For each matching order_id, MongoDB performs a second B-Tree traversal but this time on the collection's order_id B-Tree to retrieve the full document. If a user has 20 orders, that's 20 secondary index traversals + 20 order_id lookups. Each order_id lookup is a full tree traversal from root to leaf.

This double-traversal is the same fundamental cost as PostgreSQL's secondary index + heap fetch, but the mechanism differs. PostgreSQL follows a ctid (direct physical pointer, one disk seek). MongoDB follows an order_id (logical key, full tree traversal).
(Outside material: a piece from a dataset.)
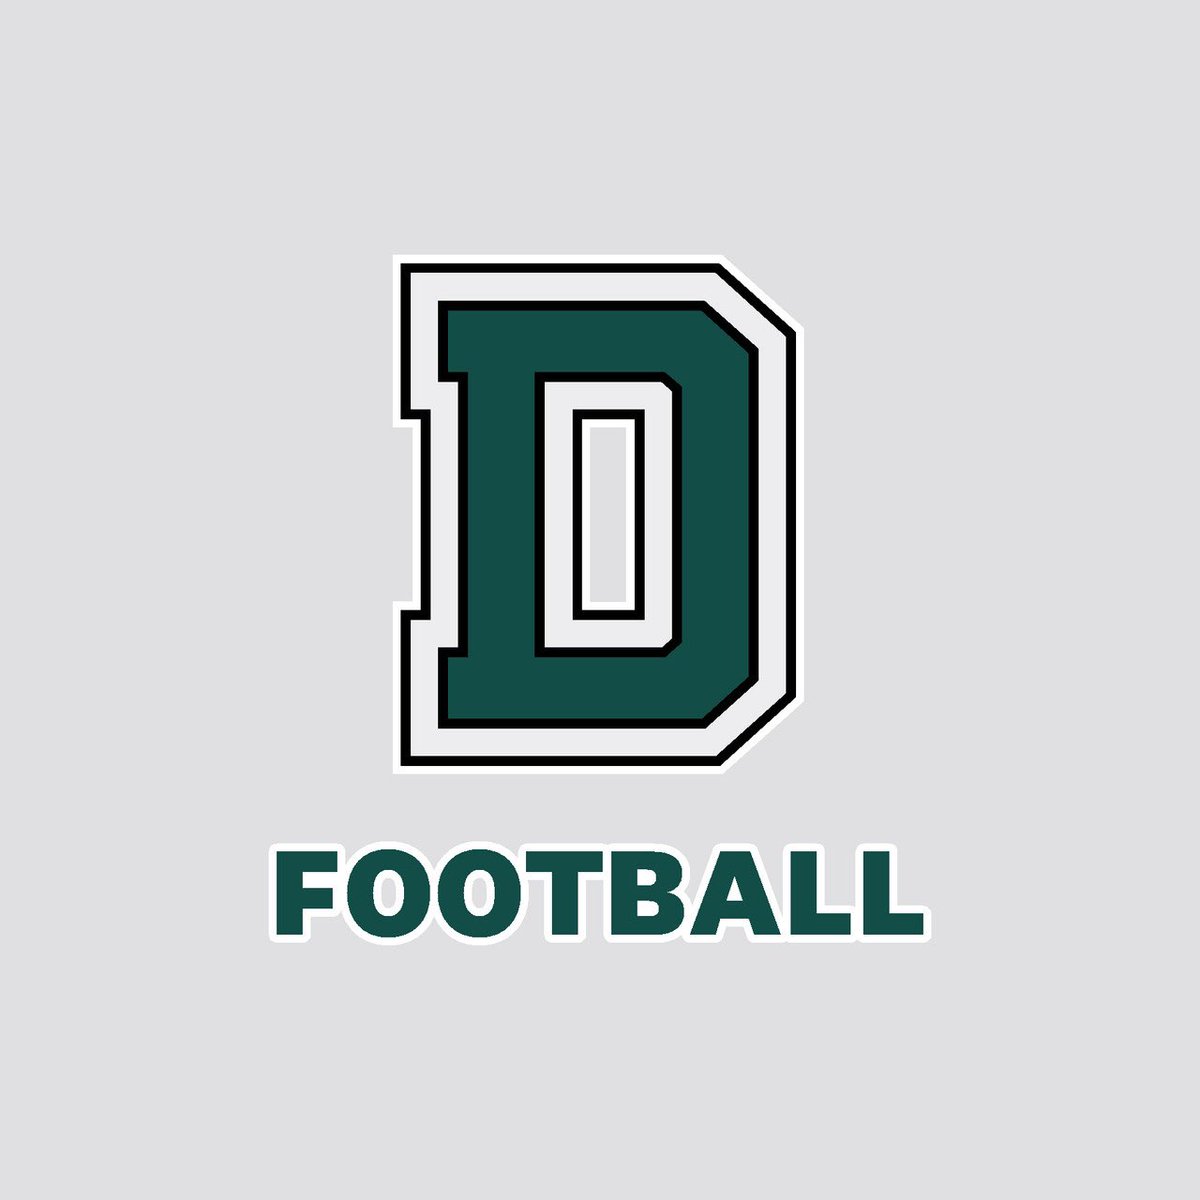 After a great conversation with @coachkeithclark I am blessed to receive my first Division 1 offer from Dartmouth! @ExeterTwpFB
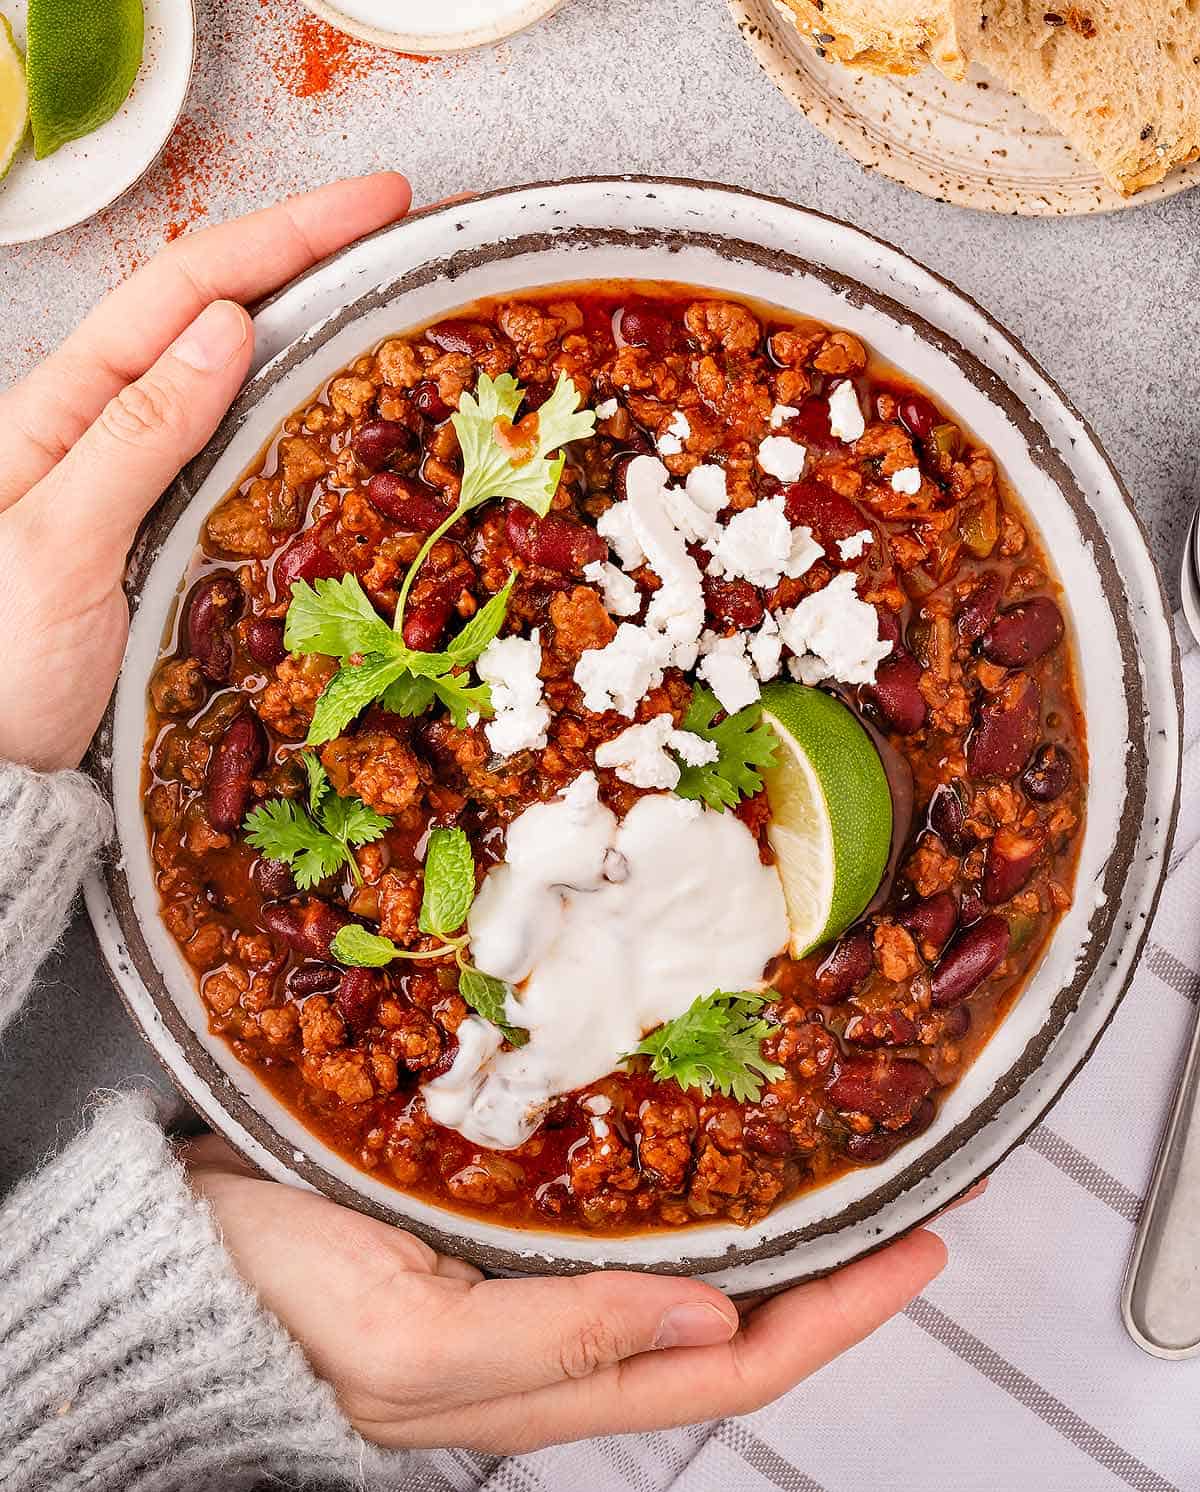 Hands holding a bowl of homemade lamb chili.

The logical key approach is more robust to storage reorganization; the physical pointer approach is faster per lookup.

Both databases pay the secondary-index penalty. The performance gap between primary key reads and secondary index reads is visible in both engines.

The MongoDB surprise: WiredTiger cache and compression

Engineers who come from PostgreSQL often assume that "cache size" and "data size" are in the same units. In WiredTiger, they're not.

WiredTiger compresses data on disk (Snappy by default achieves 2–4× compression on typical BSON documents). The WiredTiger cache holds data uncompressed. This means:

The WiredTiger cache holds data uncompressed, but disk stores it compressed. This means the cache must be sized for the uncompressed working set which is 2–4× larger than the on-disk footprint. A working set that occupies 4GB compressed on disk expands to 8–16GB in the WiredTiger cache. Under-sizing the cache relative to this uncompressed working set is a common MongoDB performance issue.
Every cold read involves a decompression step. Reading from disk means reading compressed bytes, then spending CPU cycles to decompress them into cache. On modern hardware this is fast. Snappy decompresses at multiple GB/sec but it's not free, and it doesn't exist in PostgreSQL's default storage.
Cache pressure is measured in uncompressed bytes. To hold 8GB of compressed on-disk data in the WiredTiger cache, you need roughly 8GB × compression_ratio so somewhere between 16GB and 32GB of cache. More cache is required than the raw disk size suggests, not less. This is the inverse of what most engineers assume when first sizing a MongoDB deployment.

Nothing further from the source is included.